During the insert into a destination table, any error that occurs is redirected to Errors table where we can see the ErrorCode
and ErrorColumn
. The problem is that we got a value in ErrorColumn
which does not exist anywhere within the package. Namely, there is not a single column that has LineageID
that is equal to ErrorColumn
.
Later, while enabling NULL entry in every single column, one by one, I found which column caused the problem. When I analyzed the column inside of a Data Flow task it did not have the LineageID
that was reported in an ErrorColumn
. For example, the ErrorColumn
reported was 413, but LineageID
is 84 during the first merge, and it changes during various sortings. Regardless of that, it never becomes 413. This ErrorColumn
ID (413) does not exist at all yet it is reported during the error redirection insert into destination source (Error table).
I've checked many sites, but they all suggested enumerating through ComponenteMetaData.InputCollection
or ComponentMetaData.OutputCollection
in a script task, and then enumerating through columns in order to find LineageID
, but it was without any success.
As I said, I've solved the problem, but as we are in the early stage of ETL process, this might happen in some other cases. How can this problem be tackled?
I'm copying my answer so we can get an authoritative Q&A on the site
What is the simple way to find the column name from Lineageid in SSIS
I remember saying this can't be that hard, I can write some script in the error redirect to lookup the column name from the input collection.
string badColumn = this.ComponentMetaData.InputCollection[Row.ErrorColumn].Name;
What I learned was the failing column isn't in that collection. Well, it is but the ErrorColumn reported is not quite what I needed. I couldn't find that package but here's an example of why I couldn't get what I needed. Hopefully you will have better luck.
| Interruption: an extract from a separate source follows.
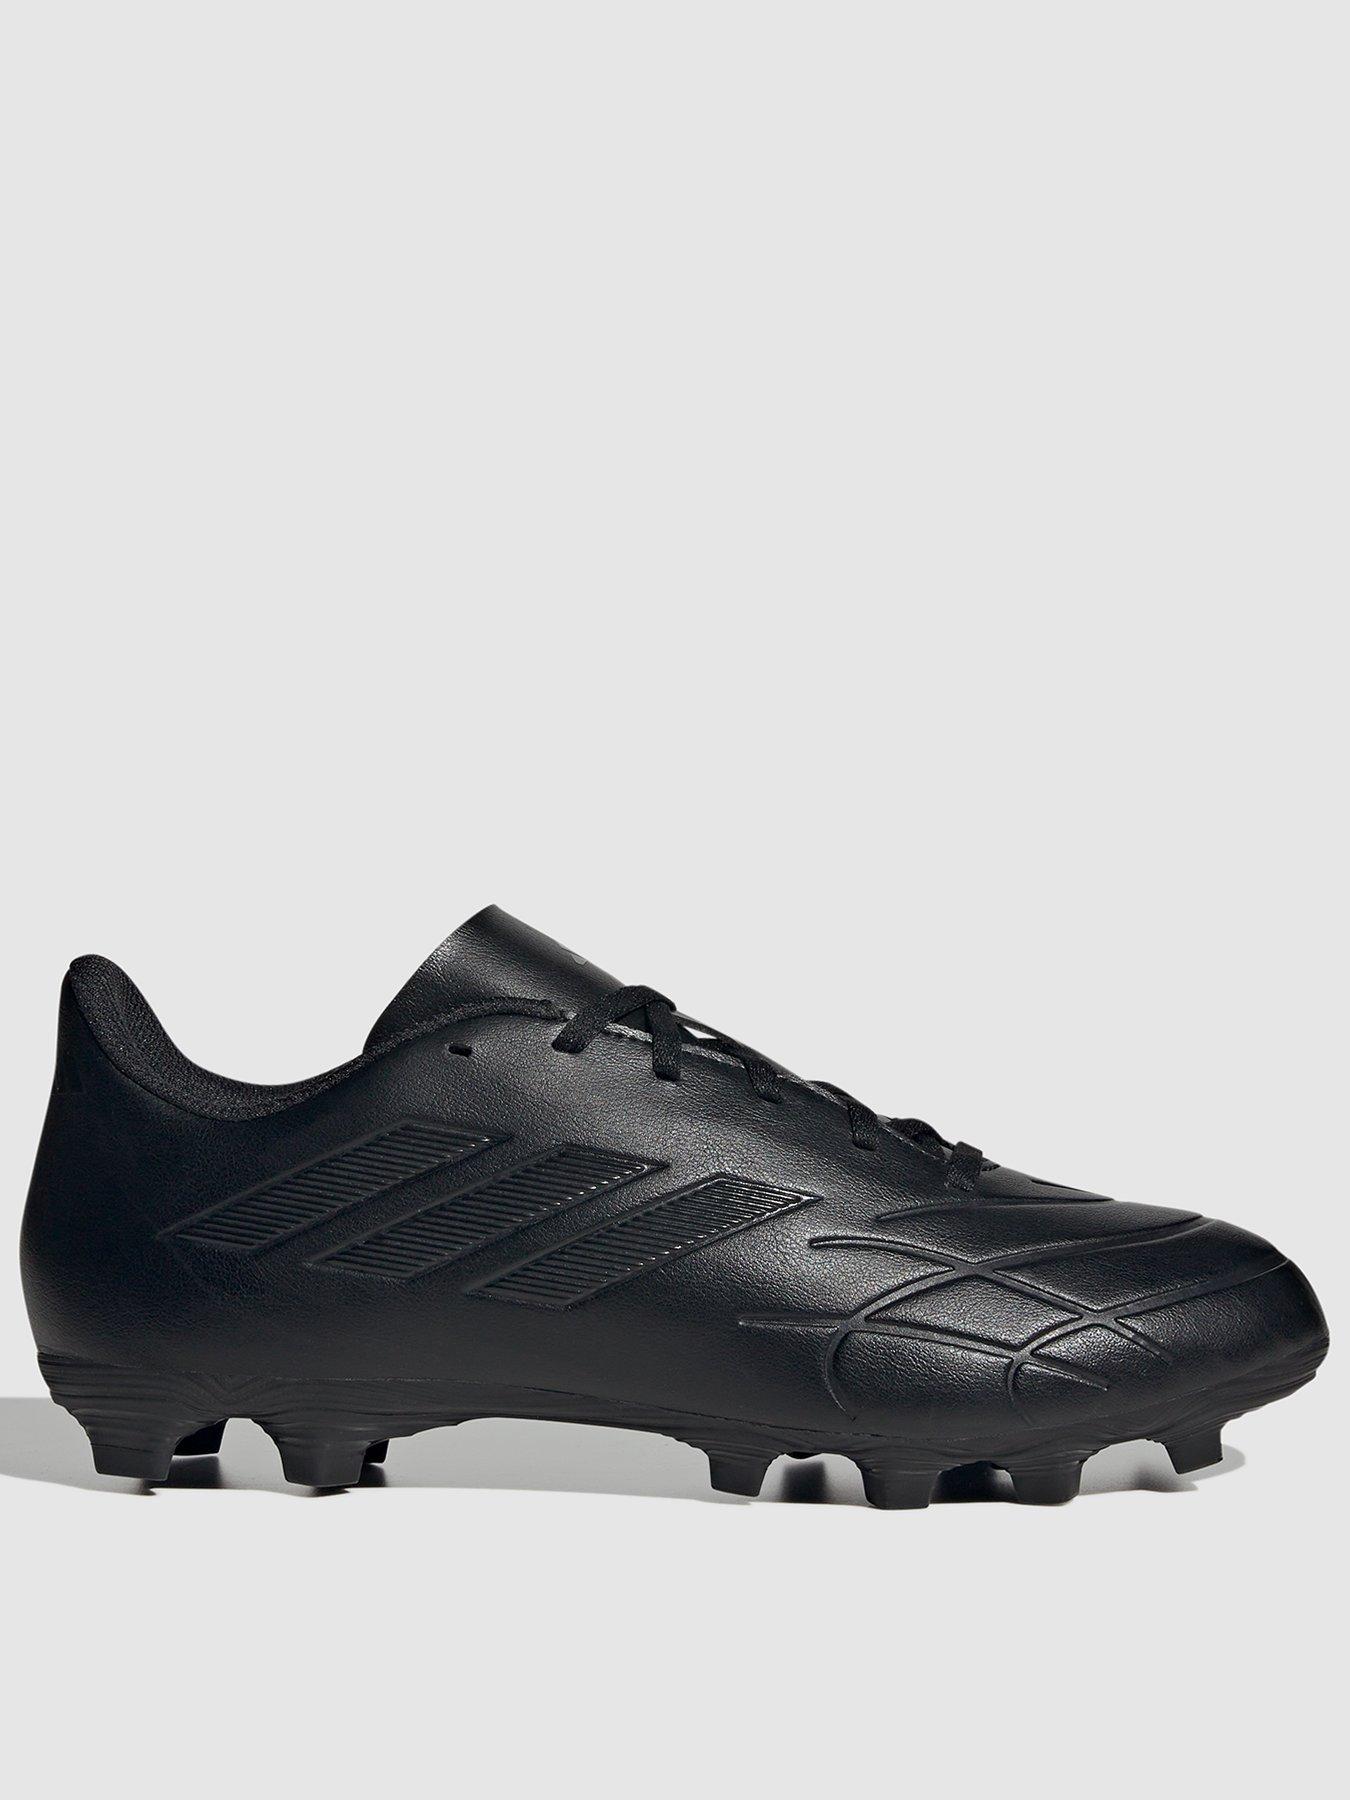 Football Boots | Nike, Adidas & More | Ireland

This is a simple data flow that will generate an error once it hits the derived column due to division by zero. The Derived column generates a new output column (LookAtMe) as the result of the division. The data viewer on the Error Output tells me the failing column is 73. Using the above script logic, if I attempted to access column 73 in the input collection, it's going to fail because that is not in the collection. LineageID 73 is LookAtMe and LookAtMe is not in my error branch, it's only in the non-error branch.
This is a copy of my XML and you can see, yes, the outputColumn id 73 is LookAtme.
<outputColumn id="73" name="LookAtMe" description="" lineageId="73" precision="0" scale="0" length="0" dataType="i4" codePage="0" sortKeyPosition="0" comparisonFlags="0" specialFlags="0" errorOrTruncationOperation="Computation" errorRowDisposition="RedirectRow" truncationRowDisposition="RedirectRow" externalMetadataColumnId="0" mappedColumnId="0"><properties>
I really wanted that data though and I'm clever so I can union all my results back together and then conditional split it back out to get that. The problem is, Union All is an asynchronous transformation. Async transformations result in the data being copied from one set of butters to another resulting in...new lineage ids being assigned so even with a union all bringing the two streams back together, you wouldn't be able to call up the data flow chain to find that original lineage id because it's in a different buffer.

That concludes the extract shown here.